Sharing in that honor, however, are a whole cast of undeserving and under-qualified others. I took to sorting through the 221 players (excluding Negro Leaguers) currently honored in Cooperstown and was unnerved by the inconsistency and injustice of so many Hall of Fame selections. Earl Averill? Rabbit Maranville? Ray Schalk? These so-called “greats” make Tim Raines looks like Willie Mays.
Guided by Wins Above Replacement (WAR), as calculated by baseball-reference.com, I created two categories of unqualified Hall of Famers:
- Those who are unquestionably undeserving
- Those whose merit is uncertain but worth discussing.
Having seen few of these guys play, I relied primarily on statistics to analyze their qualifications. OPS+ and ERA+ are very helpful in reconciling era and ballpark differences, and WAR gives a great general idea of a player’s worth.
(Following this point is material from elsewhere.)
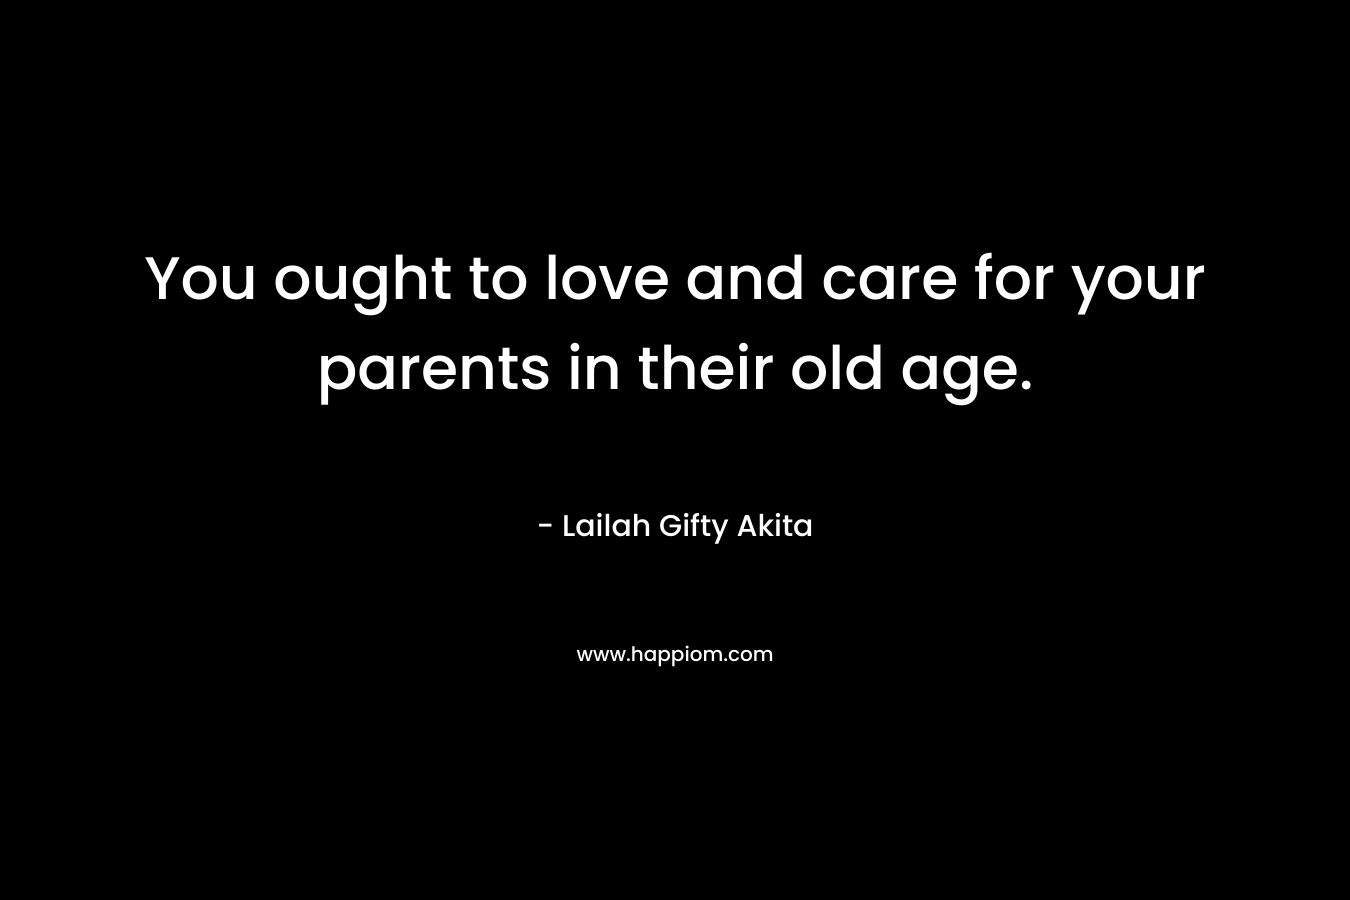 You ought to love and care for your parents in their old age.

I also considered the given player’s level of dominance over his peers, looking favorably upon impressive peaks and giving credit for leading the league in important categories and contending for major awards.
I’ll further explain specific cases as we go on, but first, here’s list one, the players who I resolutely believe do not deserve a spot in Cooperstown, with career WAR totals included for reference:
- Hughie Jennings- 46.4
- Roger Bresnahan- 41.6
- Tommy McCarthy- 19.0
- Joe Tinker- 49.2
- Clark Griffith- 52.8
- Johnny Evers- 48.4
- Jack Chesbro- 32.5
- Frank Chance- 49.5
- Herb Pennock- 38
- Dizzy Dean- 41.8
- Chief Bender- 41.9
- Rabbit Maranville- 38.2
- Ray Schalk- 22.6
- Eppa Rixey- 48.4
- Heinie Manush- 44.1
- Burleigh Grimes- 42.8
- Lloyd Waner- 24.3
- Waite Hoyt- 45.1
- Jesse Haines- 30.5
- Earle Combs- 43.7
- Rube Marquard- 24.2
- Harry Hooper- 52.5
- Chick Hafey- 29.5
- Dave Bancroft- 46.4
- Ross Youngs- 36.2
- Lefty Gomez- 38.2
- George Kelly- 24.3
- Jim Bottomley- 32.4
- Earl Averill- 45
- Freddie Lindstrom- 29.2
- Hack Wilson- 39.1
- Chuck Klein- 39.2
- Travis Jackson- 43.3
- George Kell- 33.6
- Rick Ferrell- 22.9
- Catfish Hunter- 32.5
- Red Schoendienst- 40.4
- Phil Rizzuto- 30.8
- Vic Willis- 50.4
- Rollie Fingers- 24.3
- Tony Perez- 50.5
- Bill Mazeroski- 26.9
- Bruce Sutter- 24.3
- Goose Gossage- 39.5
- Jim Rice- 45.1
Various factors have led to unjust Hall of Fame inductions. Joe Tinker, Johnny Evers and Frank Chance were solid players; both anecdotal and statistical evidence suggests all were excellent defenders at their positions. But each of this trio owes his Cooperstown plaque to the famous 1910 poem describing their double-play combination. None of the three owns a WAR above 50 and none of the three ever led his league in any Triple Crown category (Chance’s 1905 on-base percentage crown is the only slash-line title among the three of them).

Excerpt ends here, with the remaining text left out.